Because the images are not wanted, restate every line below word for word without them.

### [Available data]
■ ■ ■ ■ ■

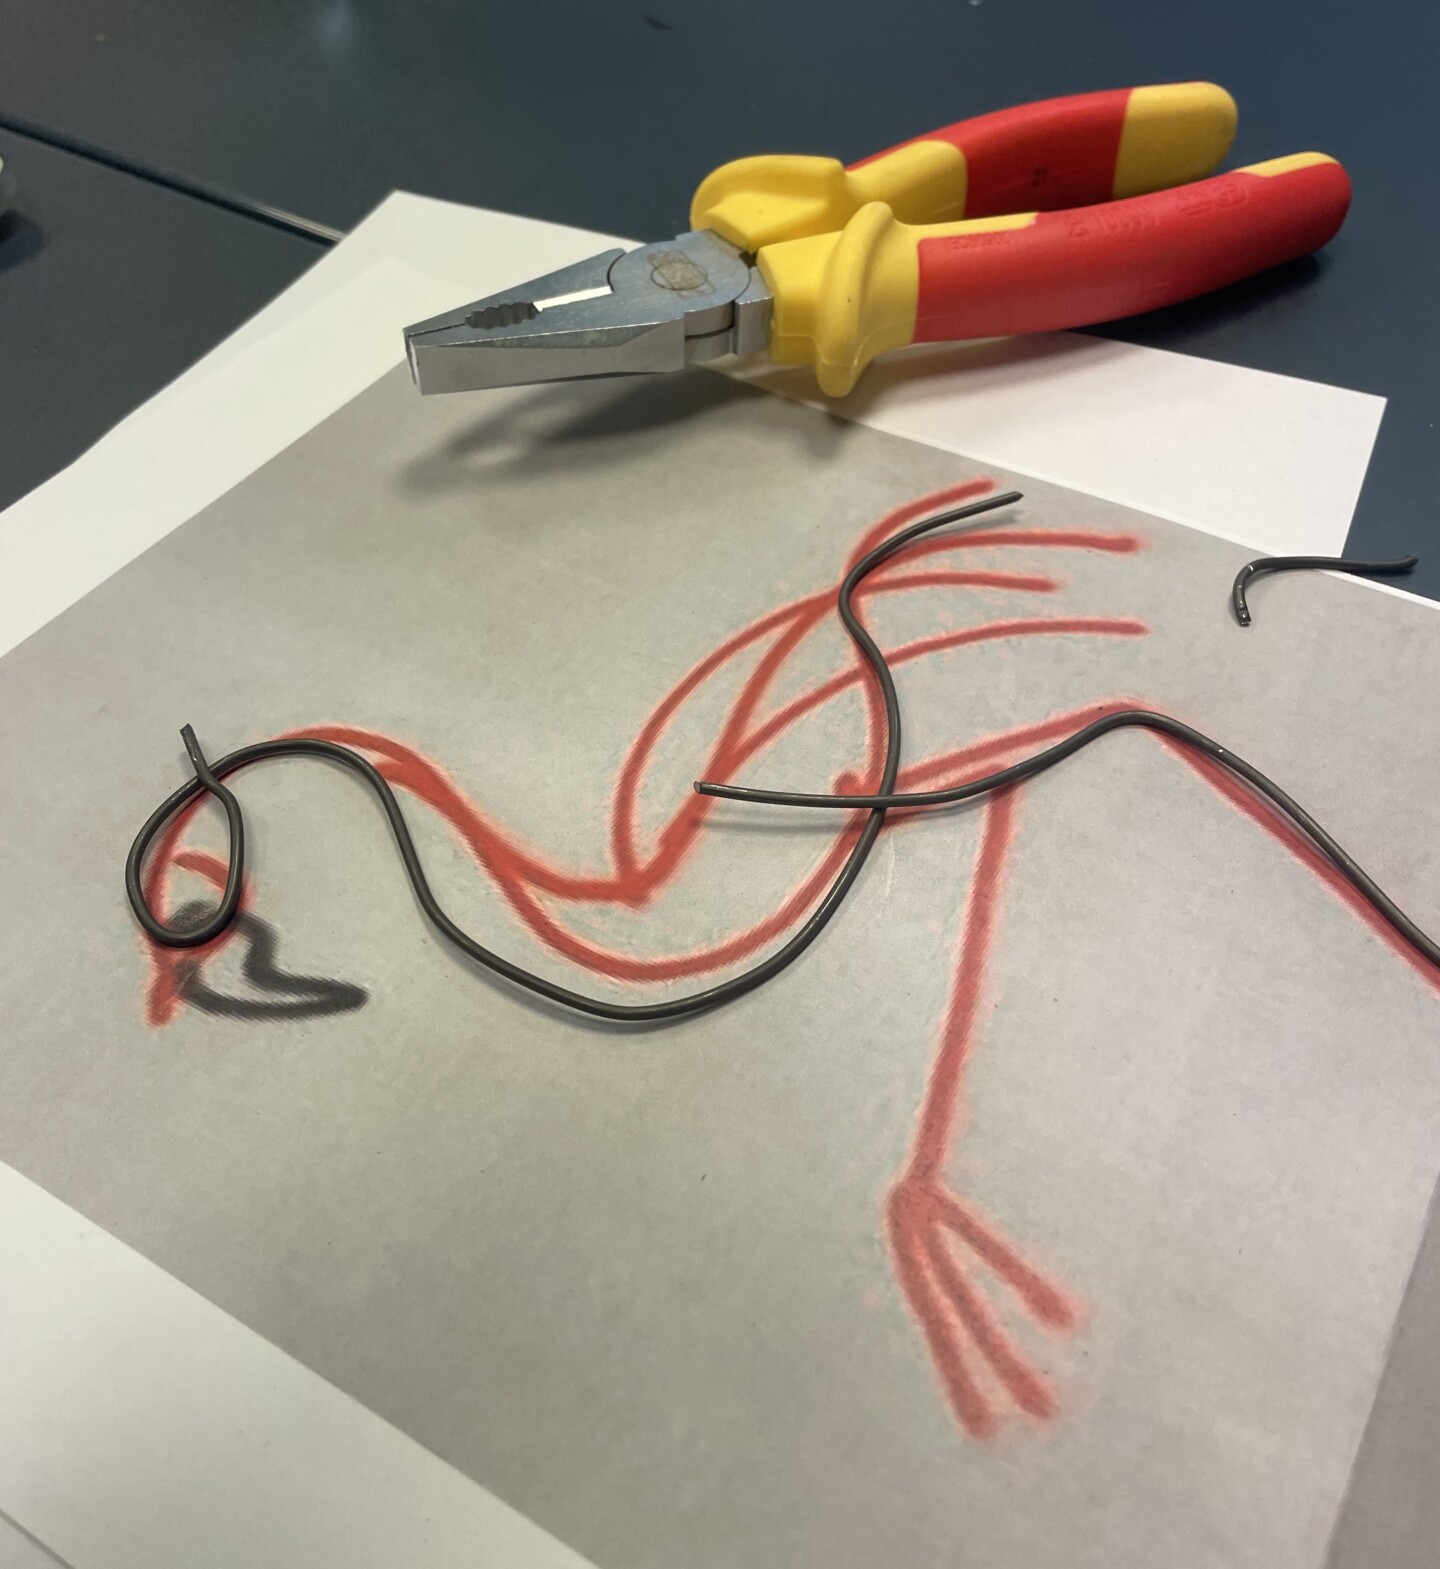 Eine Zange und Draht, der zur Form eines Vogel gebogen wurde, auf einem Blatt Papier, auf dm die Vogelform vorgezeichnet wurde.
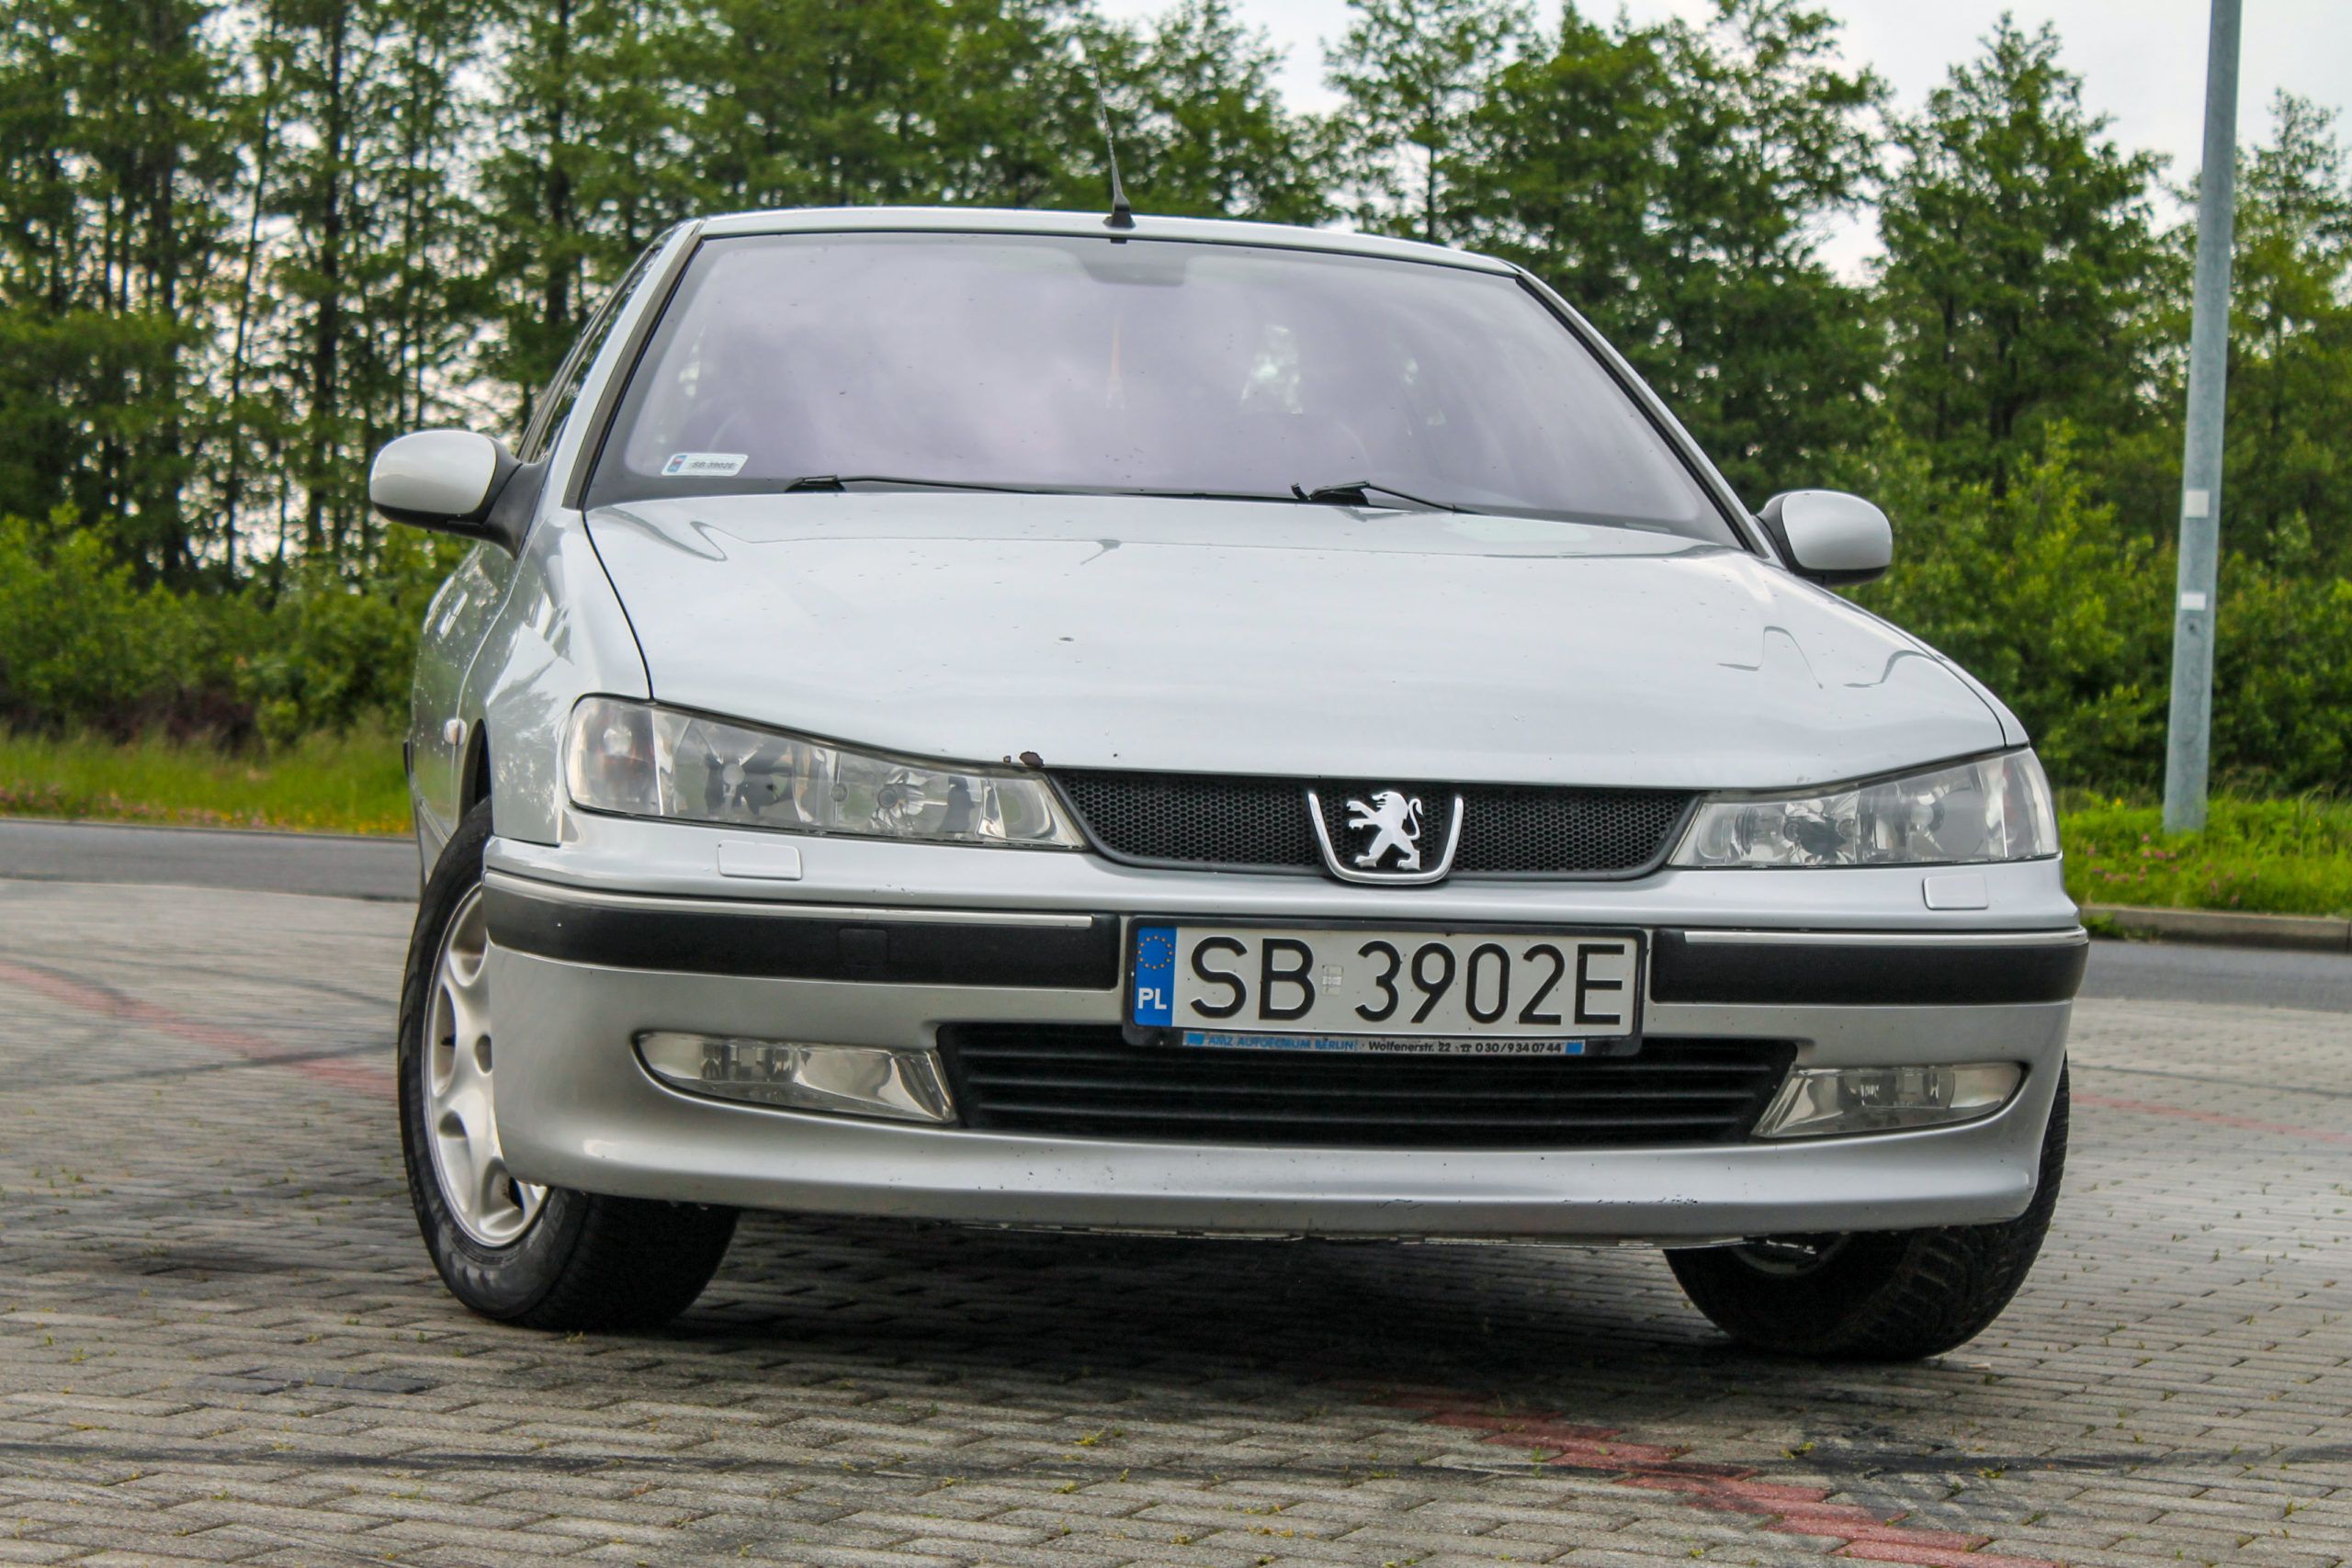 Używany Peugeot 406 3.0 V6 207 KM wyjątkowy egzemplarz z
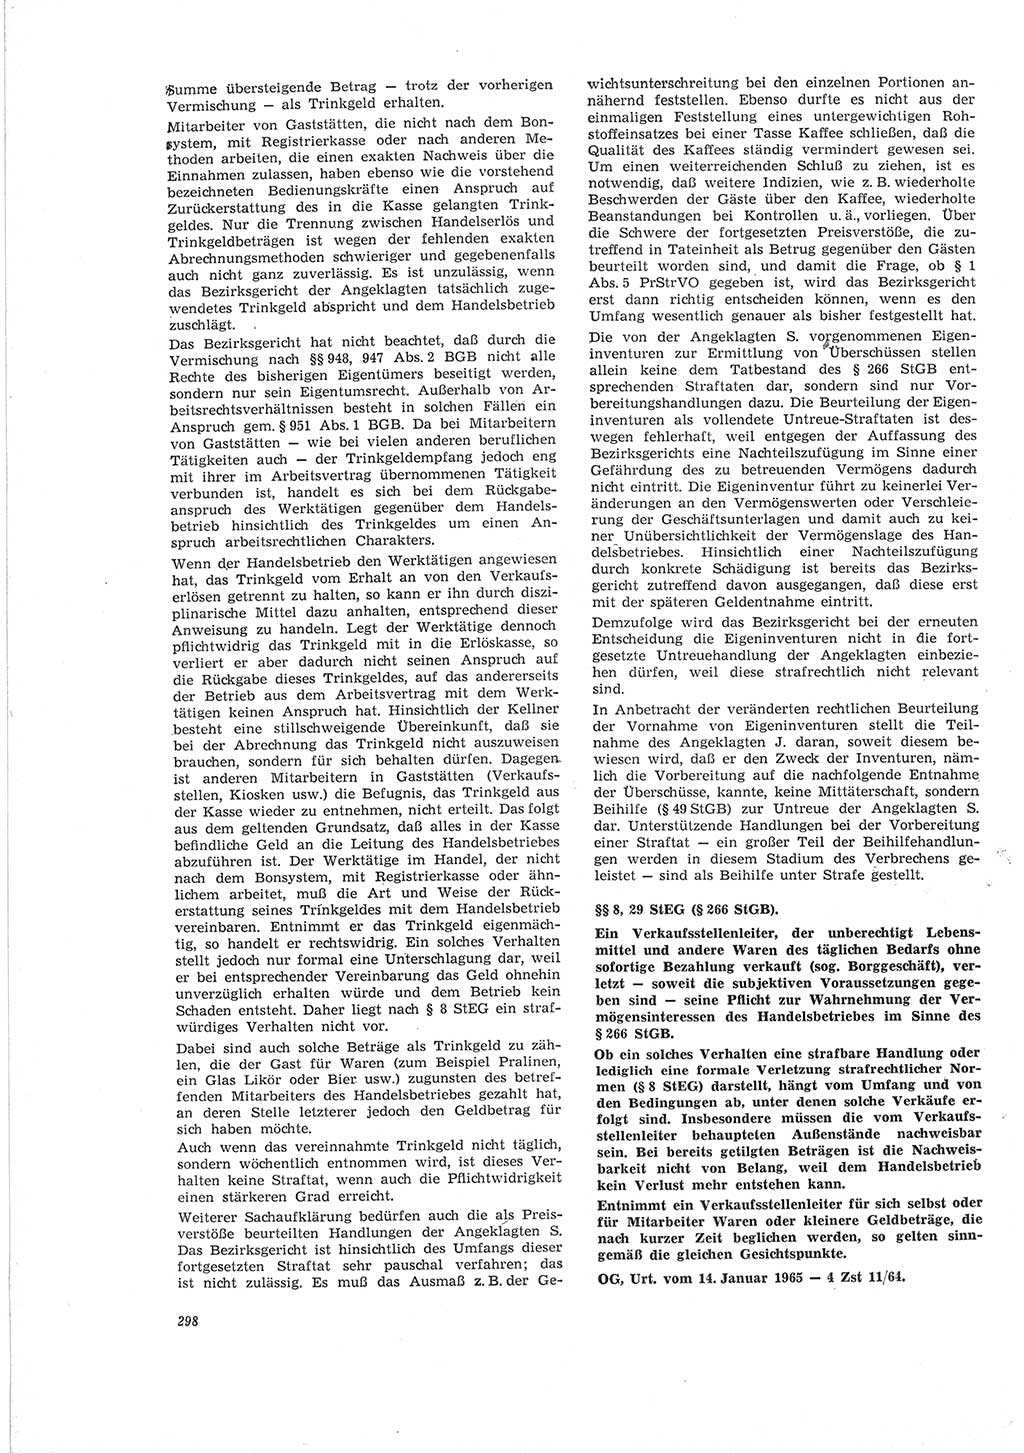 Neue Justiz (NJ), Zeitschrift für Recht und Rechtswissenschaft [Deutsche Demokratische Republik (DDR)], 19. Jahrgang 1965, Seite 298 (NJ DDR 1965, S. 298)

■ ■ ■ ■ ■

### [Solution to this task]
 Eine Zange und Draht, der zur Form eines Vogel gebogen wurde, auf einem Blatt Papier, auf dm die Vogelform vorgezeichnet wurde.
 Używany Peugeot 406 3.0 V6 207 KM wyjątkowy egzemplarz z
 Neue Justiz (NJ), Zeitschrift für Recht und Rechtswissenschaft [Deutsche Demokratische Republik (DDR)], 19. Jahrgang 1965, Seite 298 (NJ DDR 1965, S. 298)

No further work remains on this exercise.